* [What you need to do]:
Send back the data below exactly. Drop every picture.

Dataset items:
● ● ● ● ●
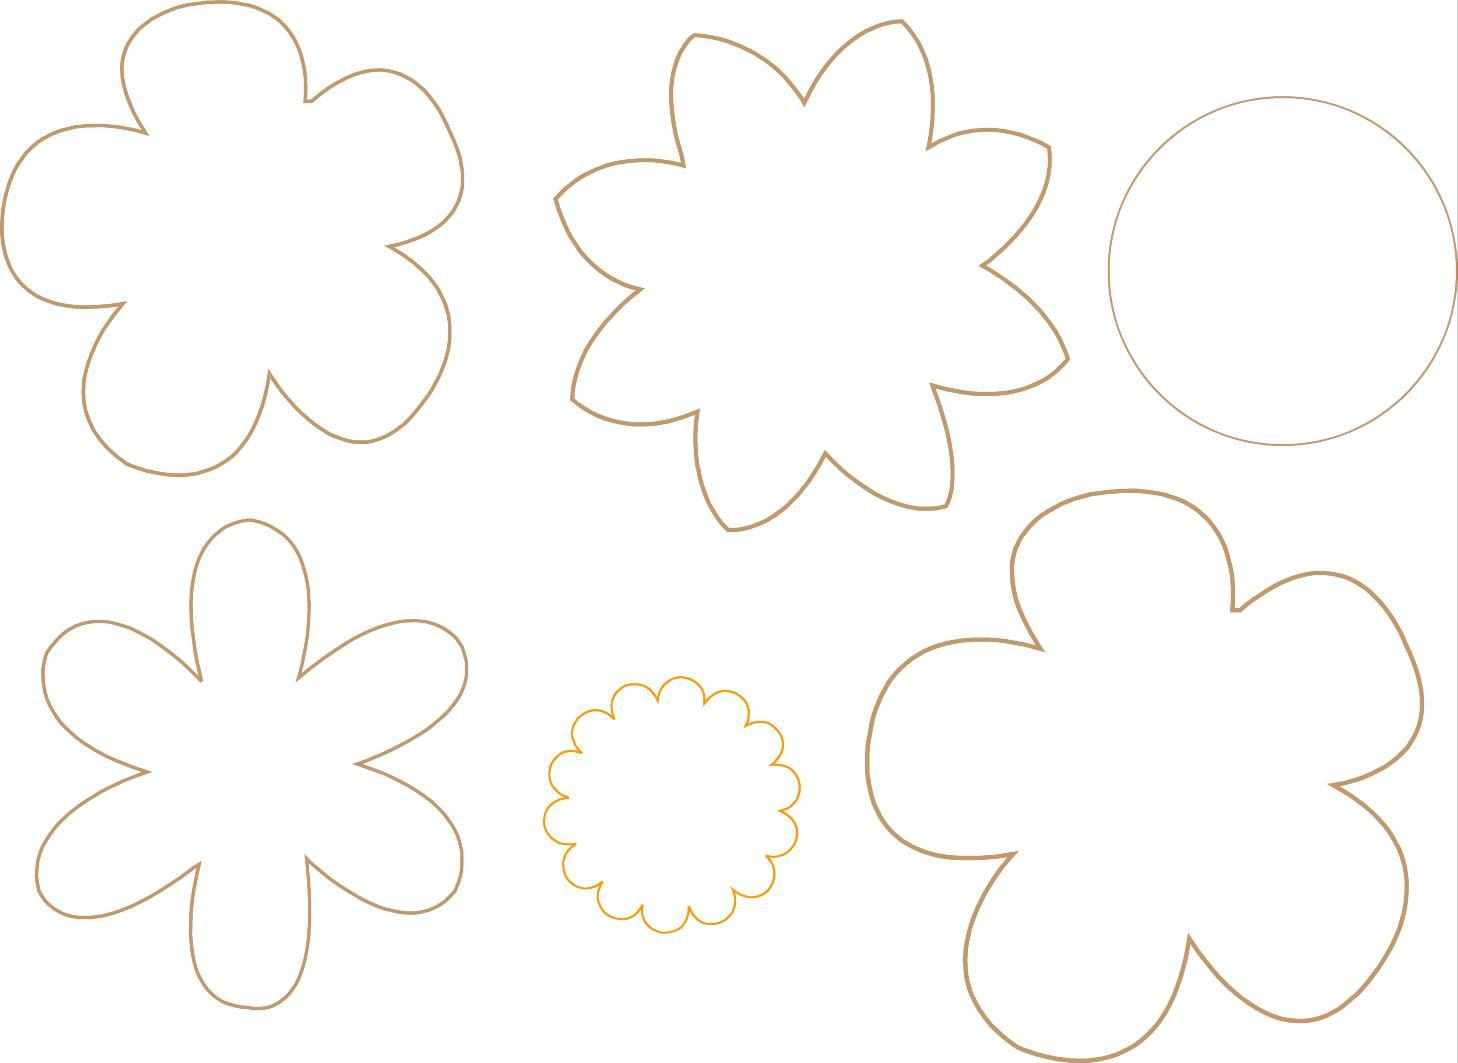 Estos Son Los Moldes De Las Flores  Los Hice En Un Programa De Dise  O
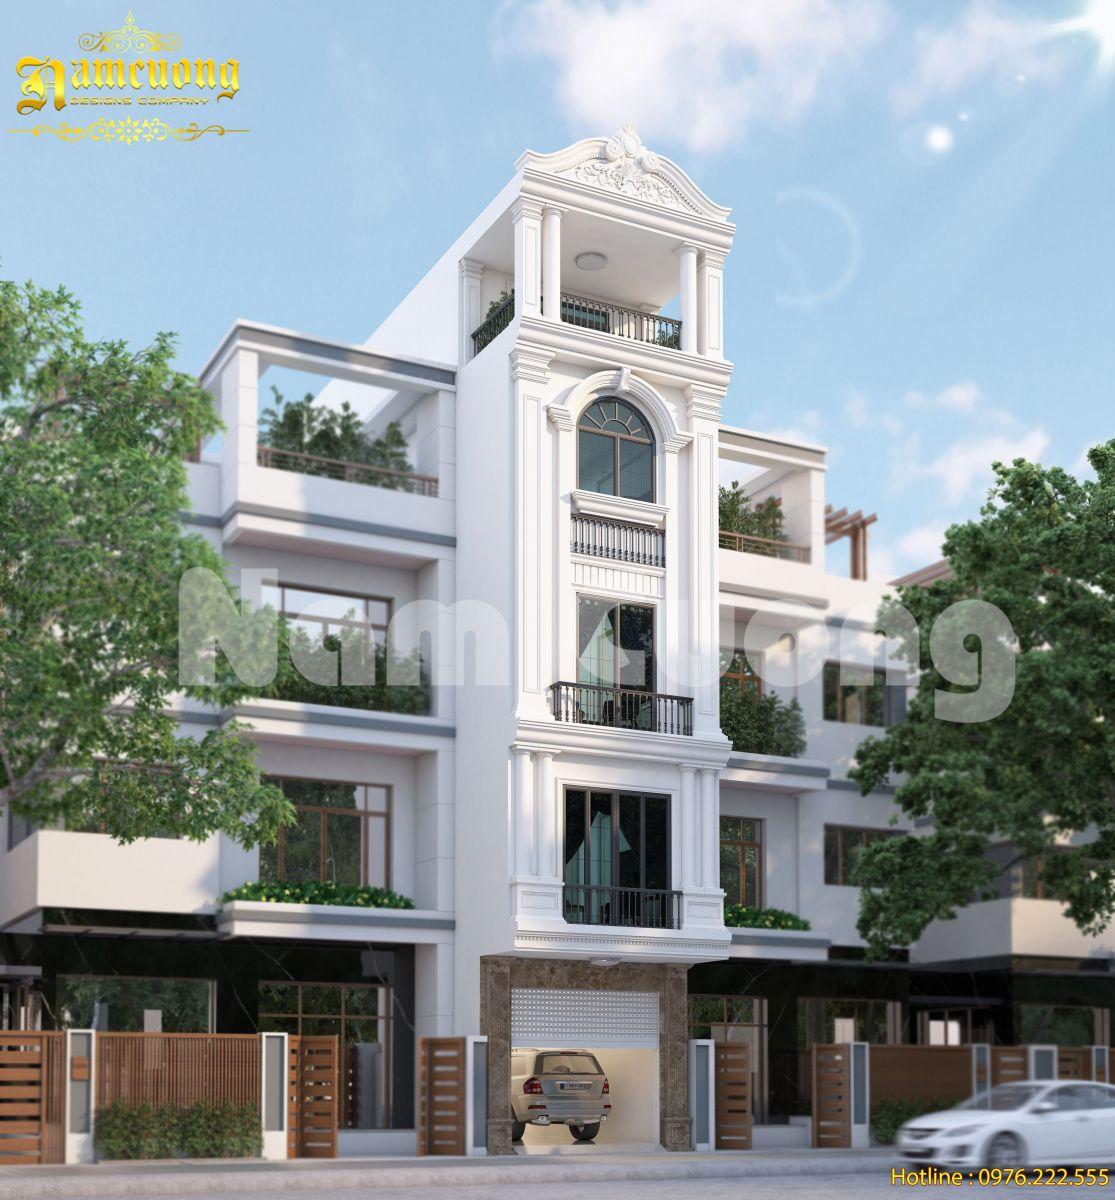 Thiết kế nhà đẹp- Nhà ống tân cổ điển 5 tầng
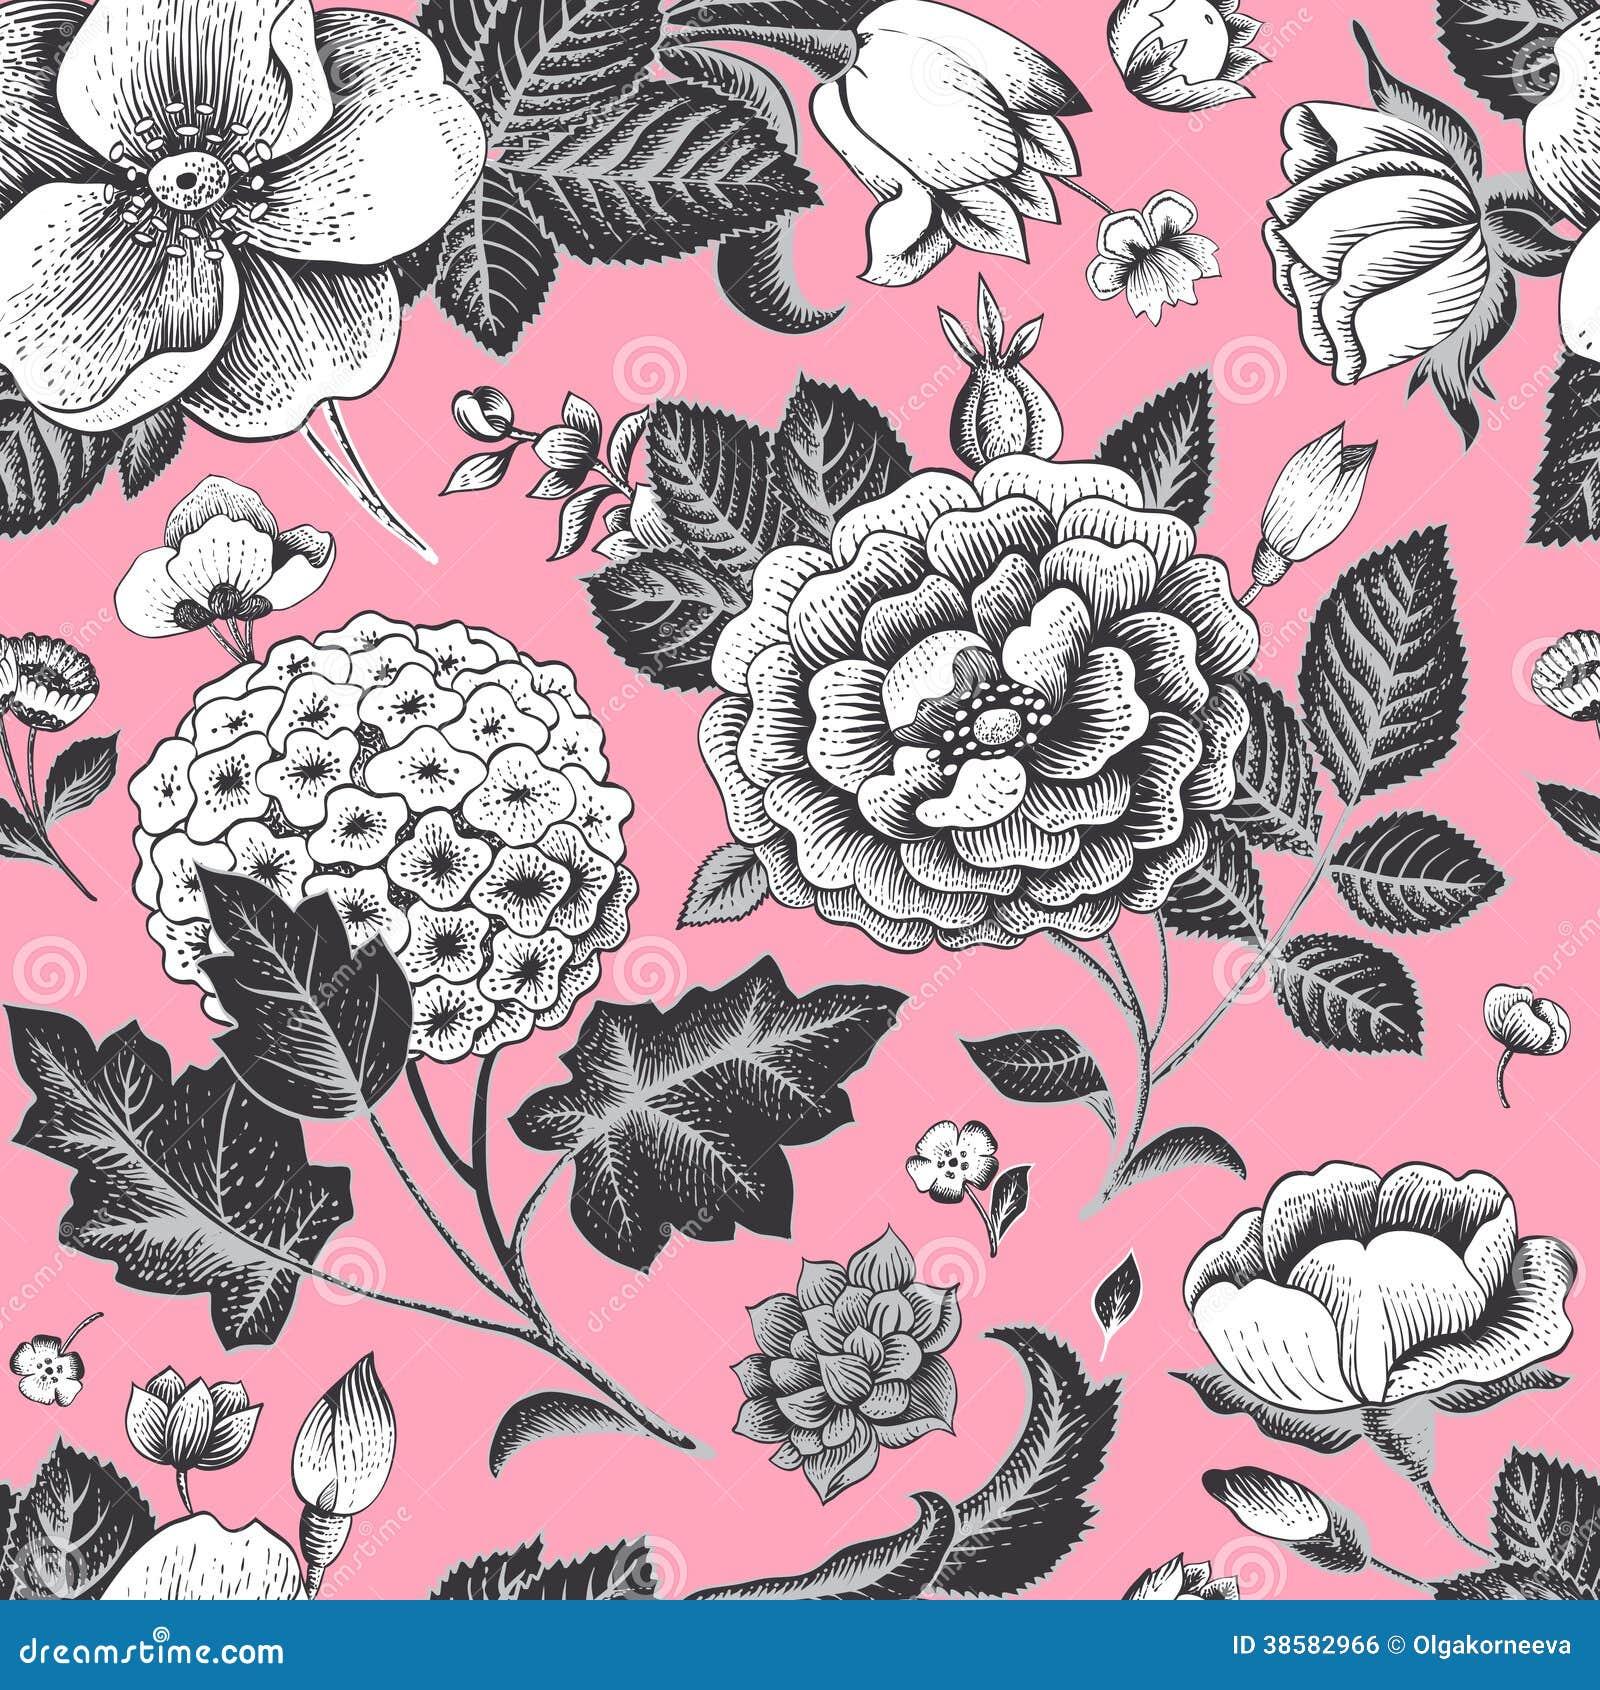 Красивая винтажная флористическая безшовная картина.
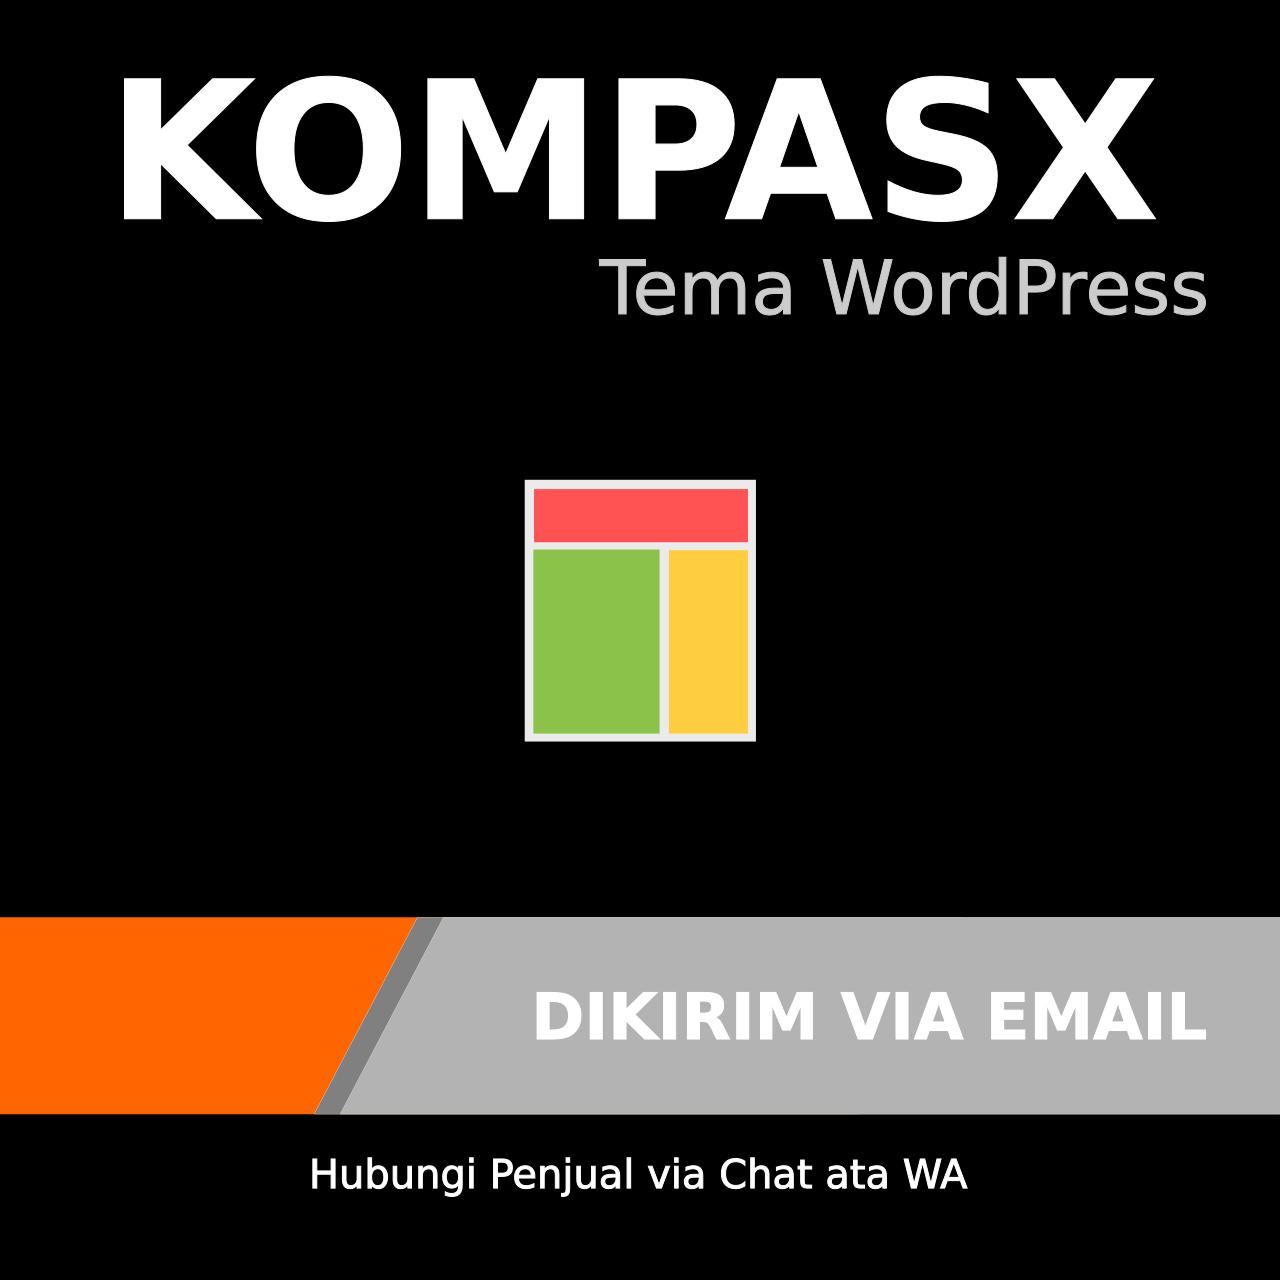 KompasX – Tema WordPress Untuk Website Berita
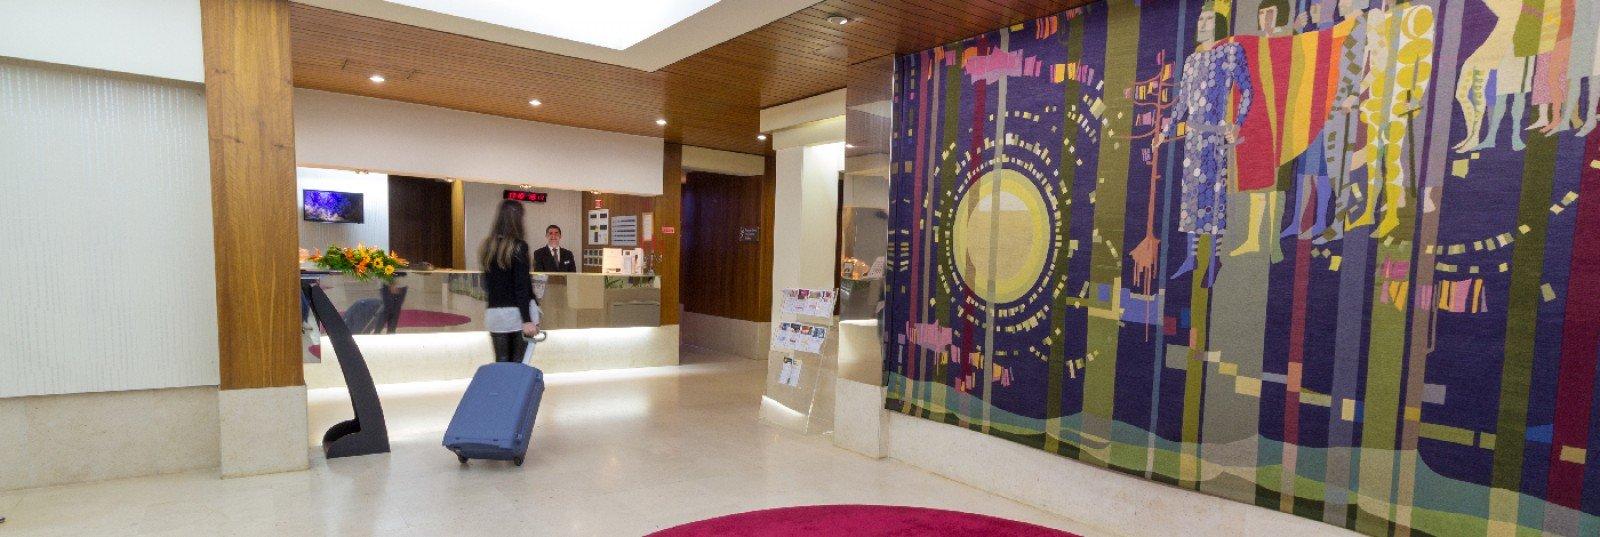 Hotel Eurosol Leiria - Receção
● ● ● ● ●
* [Solution to this exercise]:
 Estos Son Los Moldes De Las Flores  Los Hice En Un Programa De Dise  O
 Thiết kế nhà đẹp- Nhà ống tân cổ điển 5 tầng
 Красивая винтажная флористическая безшовная картина.
 KompasX – Tema WordPress Untuk Website Berita
 Hotel Eurosol Leiria - Receção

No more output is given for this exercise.